## ACTIVITY
Without including any pictures, write out the listing below exactly.

## DATASET EXTRACT
================
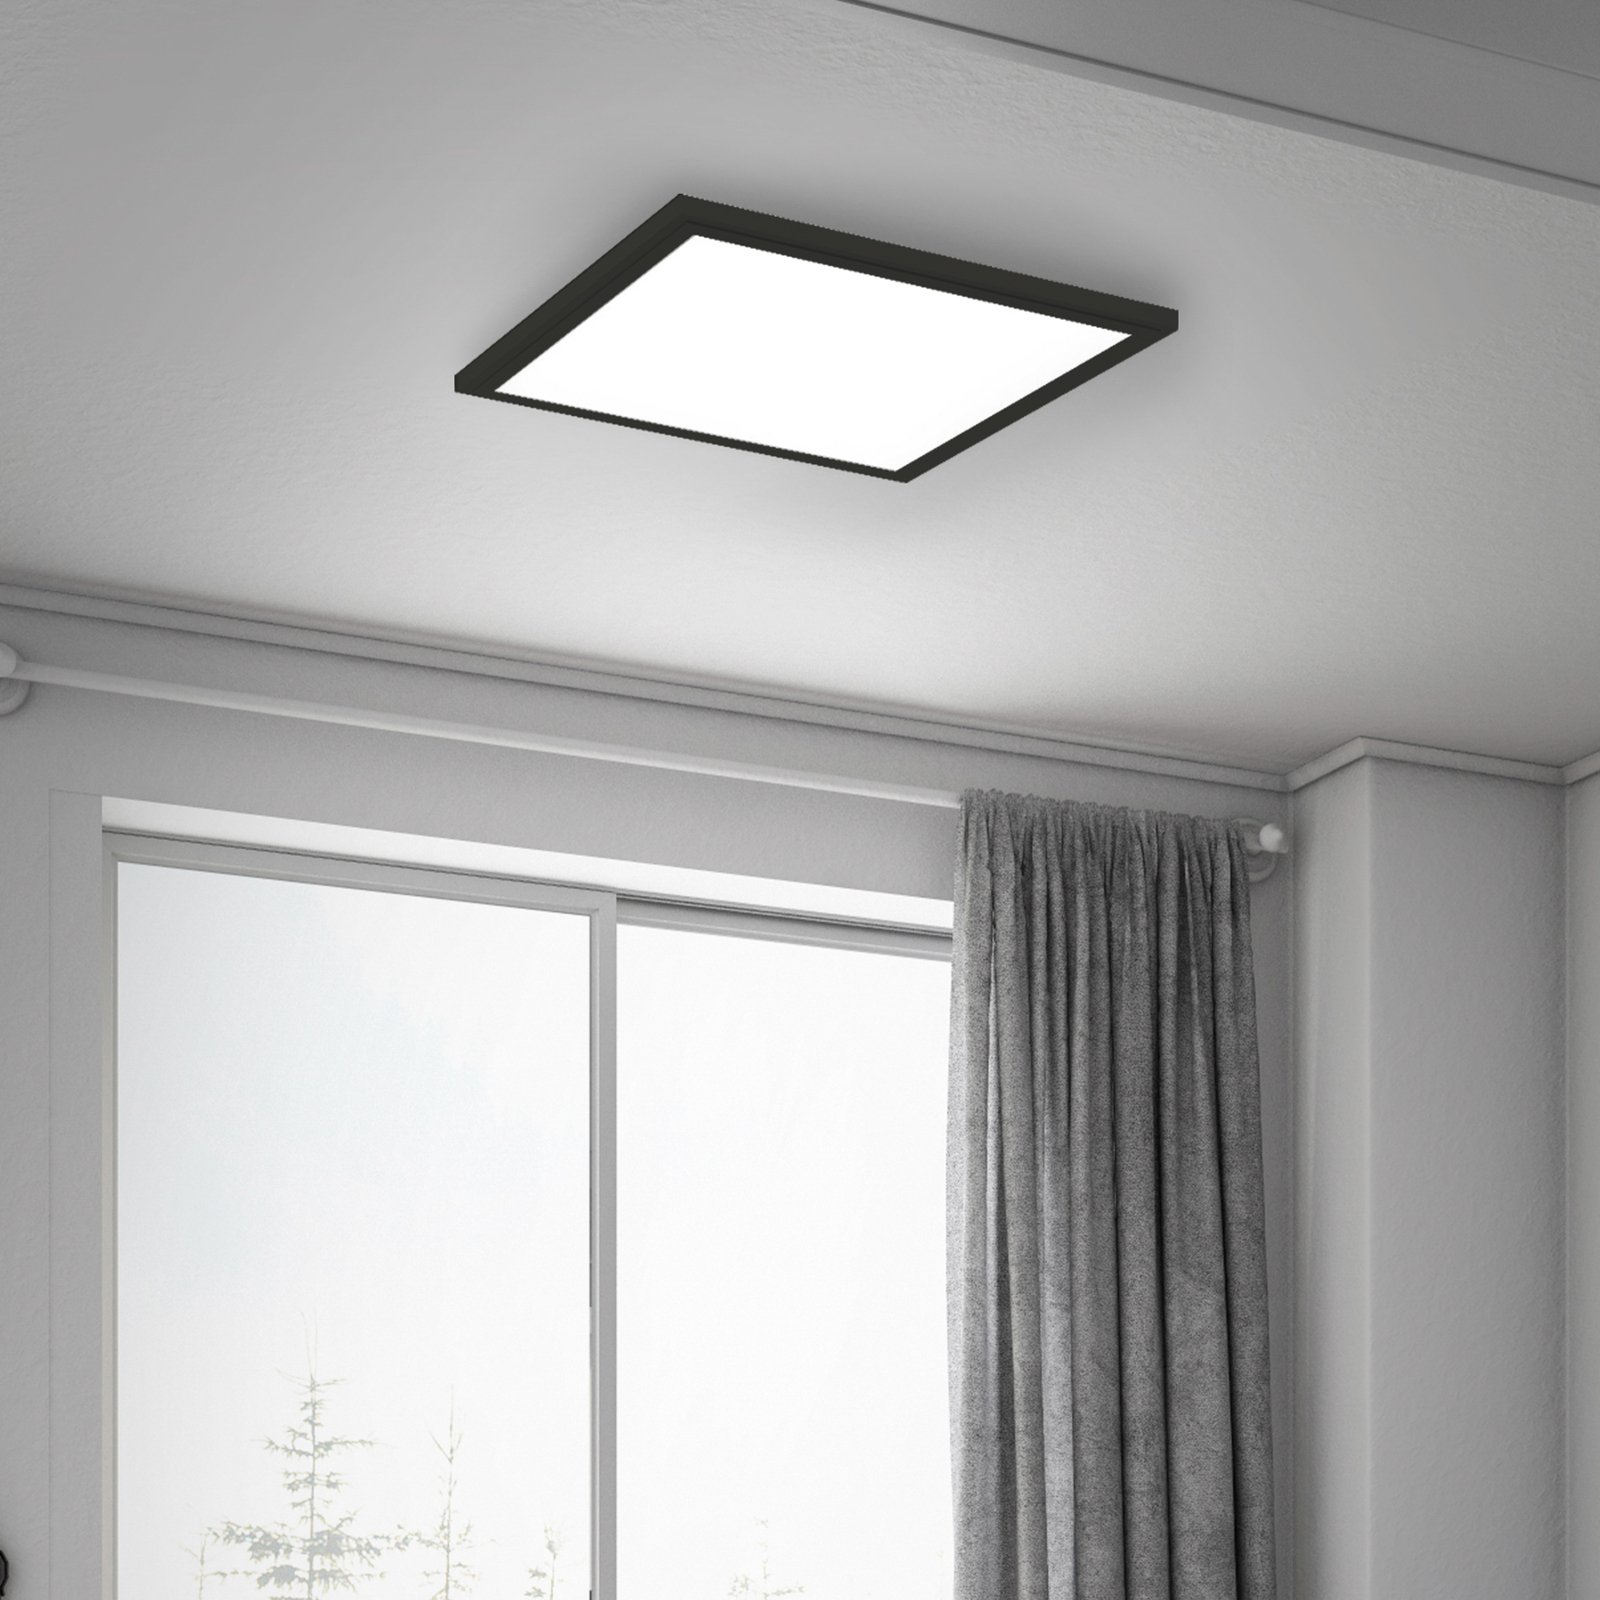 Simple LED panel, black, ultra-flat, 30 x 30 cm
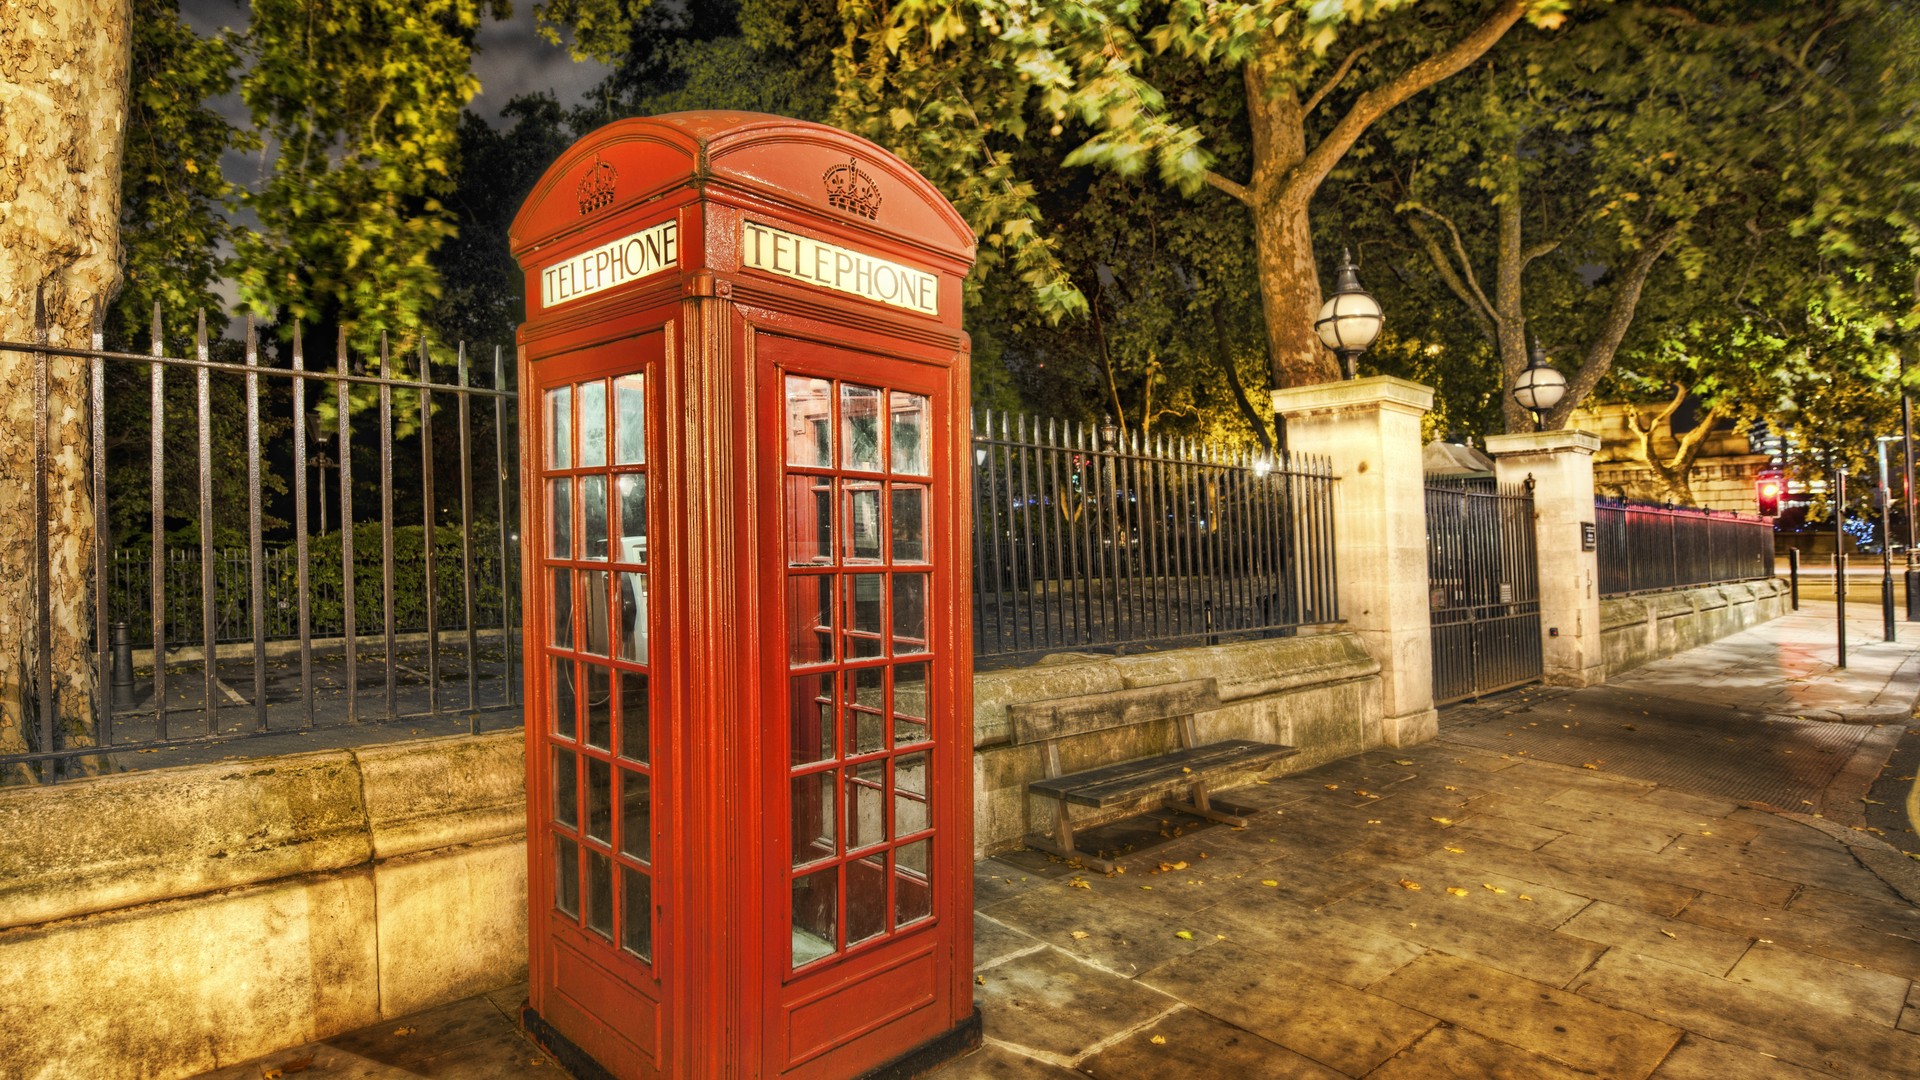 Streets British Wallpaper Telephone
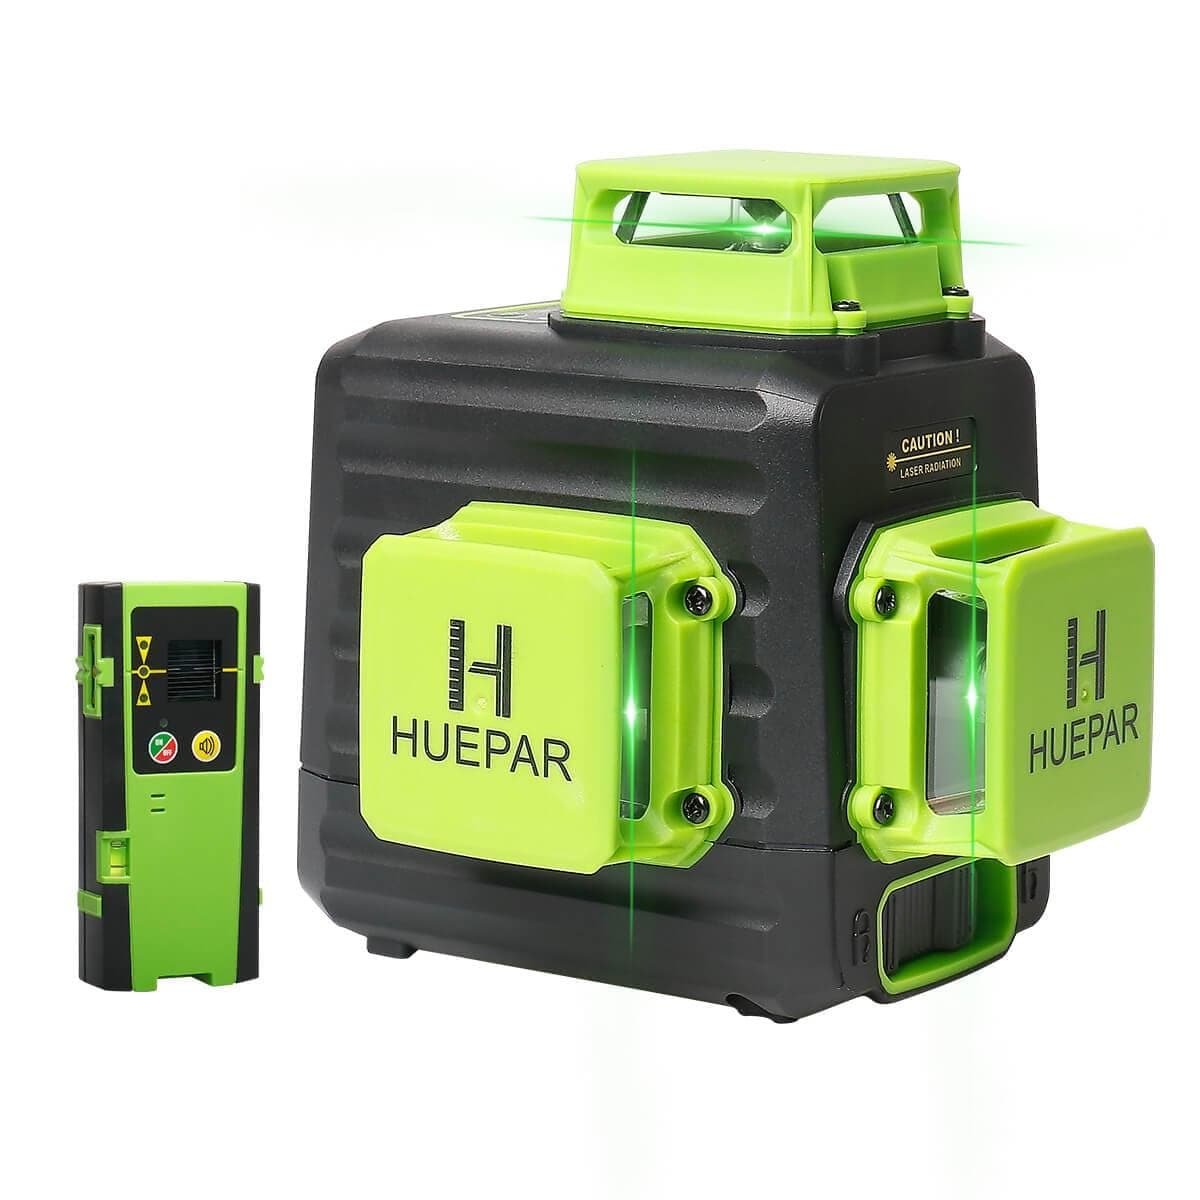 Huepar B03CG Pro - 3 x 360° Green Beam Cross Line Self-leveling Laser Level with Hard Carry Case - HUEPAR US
================
## FINAL ANSWER
 Simple LED panel, black, ultra-flat, 30 x 30 cm
 Streets British Wallpaper Telephone
 Huepar B03CG Pro - 3 x 360° Green Beam Cross Line Self-leveling Laser Level with Hard Carry Case - HUEPAR US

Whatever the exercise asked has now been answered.